NovelToon NovelToon
Garis Batas Keyakinan

Garis Batas Keyakinan

Status: sedang berlangsung
Genre:Spiritual / Percintaan Konglomerat / Cintapertama / Idola sekolah
Popularitas:1.5k
Nilai: 5
Nama Author: blcak areng

Indira mengagumi Revan bukan hanya karena cinta, tetapi karena kehormatannya. Revan, yang kini memeluk Kristen setelah melewati krisis identitas agama, memperlakukan Indira dengan kehangatan yang tak pernah melampaui batas—ia tahu persis di mana laki-laki tidak boleh menyentuh wanita.

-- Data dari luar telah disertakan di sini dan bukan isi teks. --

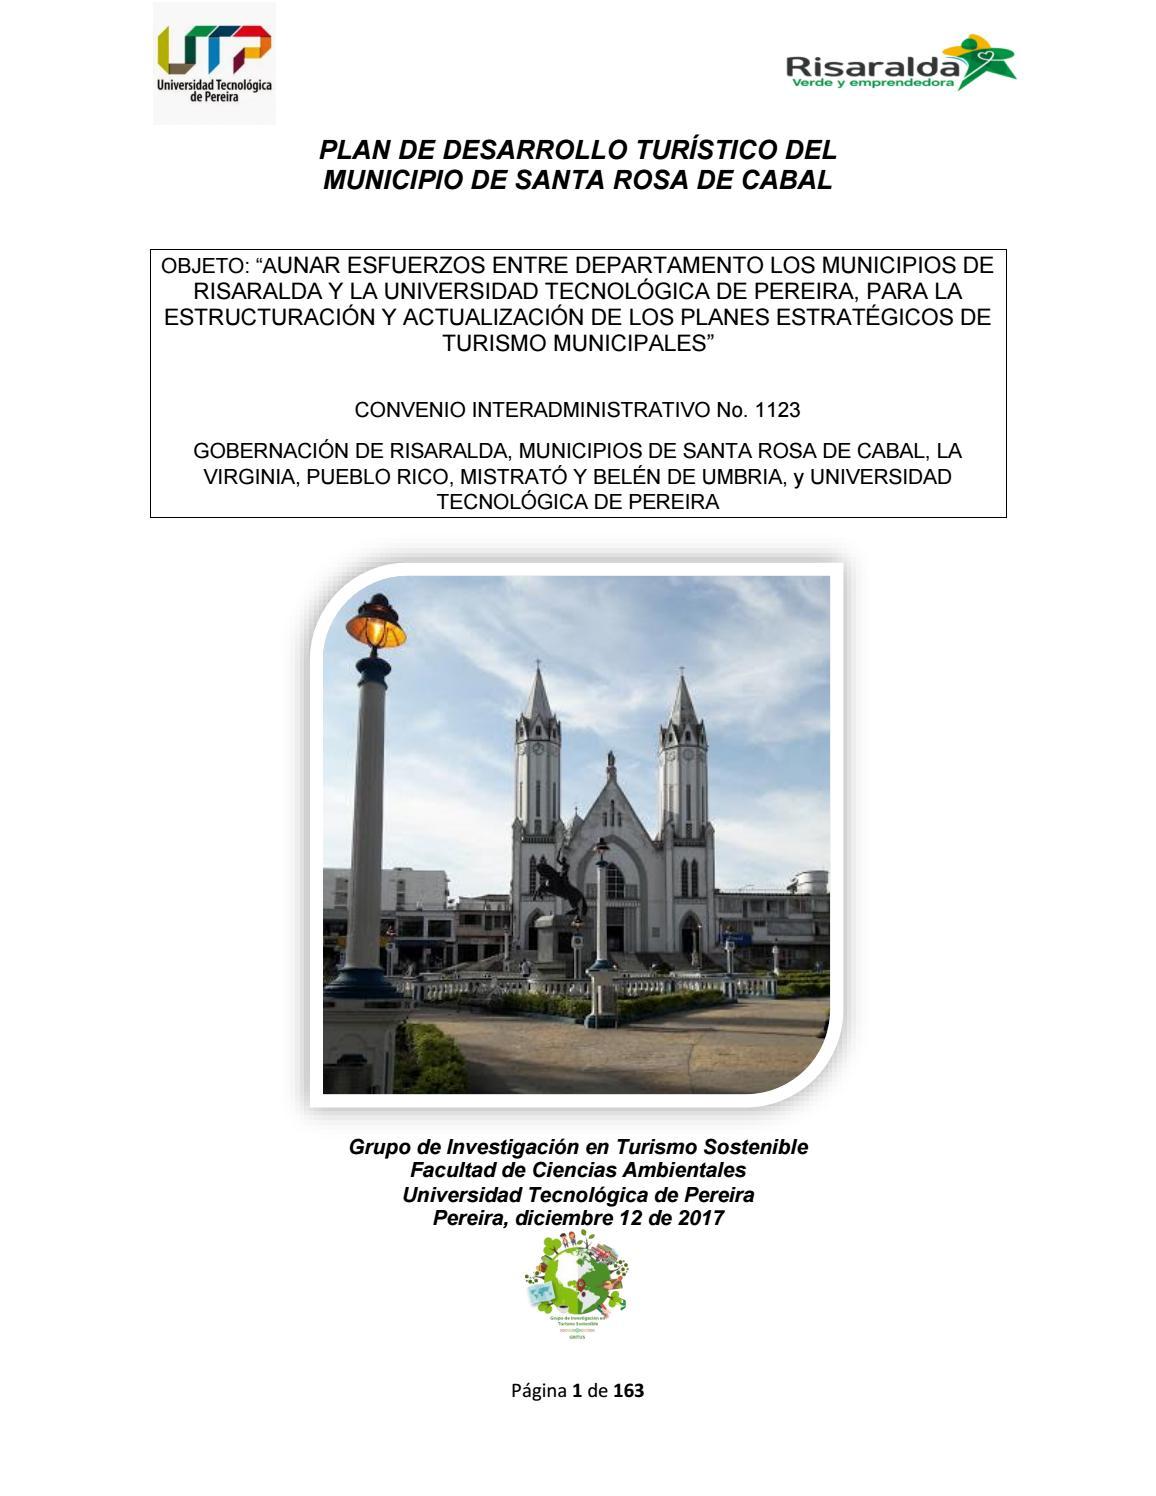 Plan De Desarrollo Tur Stico Santa Rosa De Cabal 2017 By  # Muebles Para Piqueteadero

​Namun, kelembutan itu justru menusuk hati Indira.

​"Untukku, 'agamamu adalah agamamu.' Aku tidak akan mengambilmu dari Tuhan-mu," ujar Revan suatu malam, yang di mata Indira adalah kasih yang dewasa dan ironis. Lalu ia berbisik, seolah mengukir takdir mereka: "Untukmu agamamu, dan untukku agamaku."

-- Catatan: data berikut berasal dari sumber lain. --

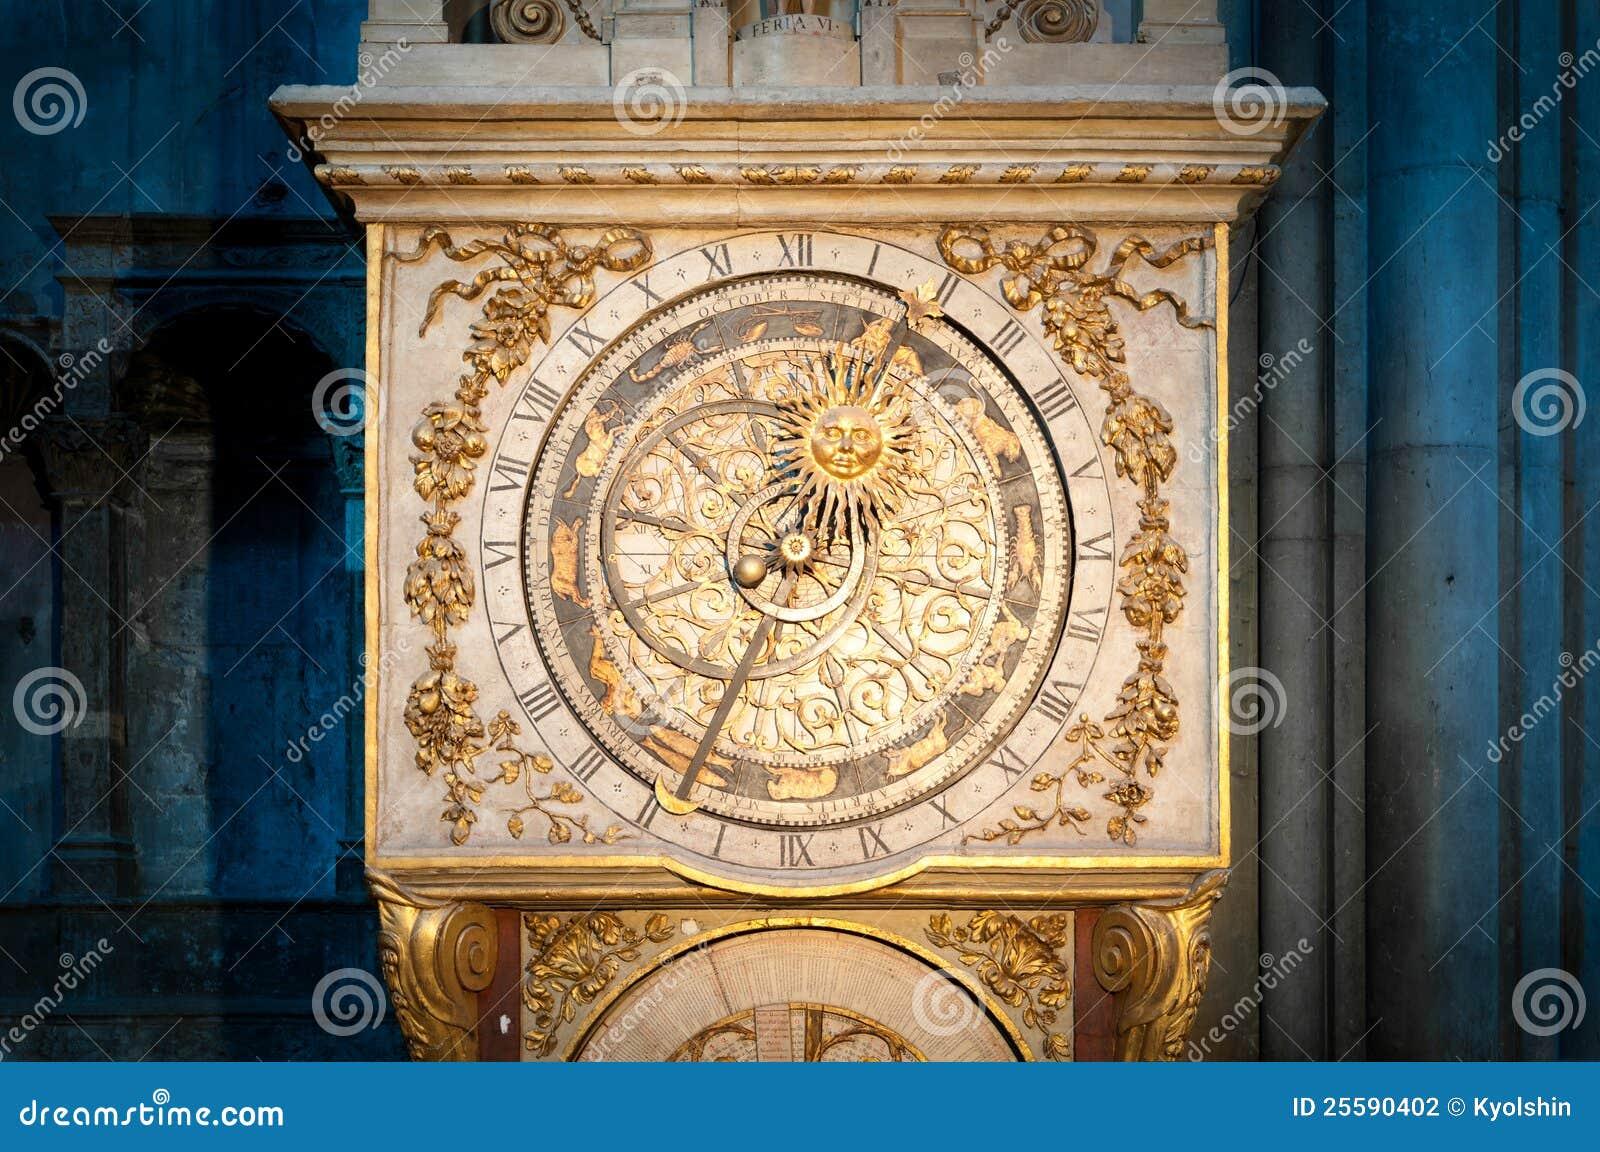 Vecchio orologio dorato a Lione, Francia.

​Kalimat itu, yang diambil dari Kitab Suci milik Indira sendiri, adalah janji suci sekaligus belati. Cinta mereka berdiri tegak di atas dua pilar keyakinan yang berbeda. Revan telah menemukan kedamaiannya, tetapi Indira justru terombang-ambing, dihadapkan pada i

Karya ini diterbitkan atas izin NovelToon blcak areng, isi konten hanyalah pandangan pribadi pembuatnya, tidak mewakili NovelToon sendiri

Rencana Pernikahan Jangka Pendek dan Kontrak Komunikasi

​Aku duduk di bangku tunggal yang mewah, di salah satu ruang meeting pribadi di lantai eksekutif kantor pusat Ammar Fikri Group. Ruangan ini didominasi oleh warna-warna netral, dengan dinding kaca yang memperlihatkan pemandangan kota Jakarta yang sibuk. Kontras sekali dengan hatiku yang sedang berusaha keras mencapai ketenangan dan kepatuhan.

​Hari ini adalah hari pertemuan mingguan kami, sekaligus sesi formal pertama setelah Ayah Bimo menyetujui pertunangan kami. Aku sudah mengenakan pakaian terbaikku—gamis dan khimar yang sopan—dan membawa buku catatan, seolah aku akan menghadiri rapat dewan.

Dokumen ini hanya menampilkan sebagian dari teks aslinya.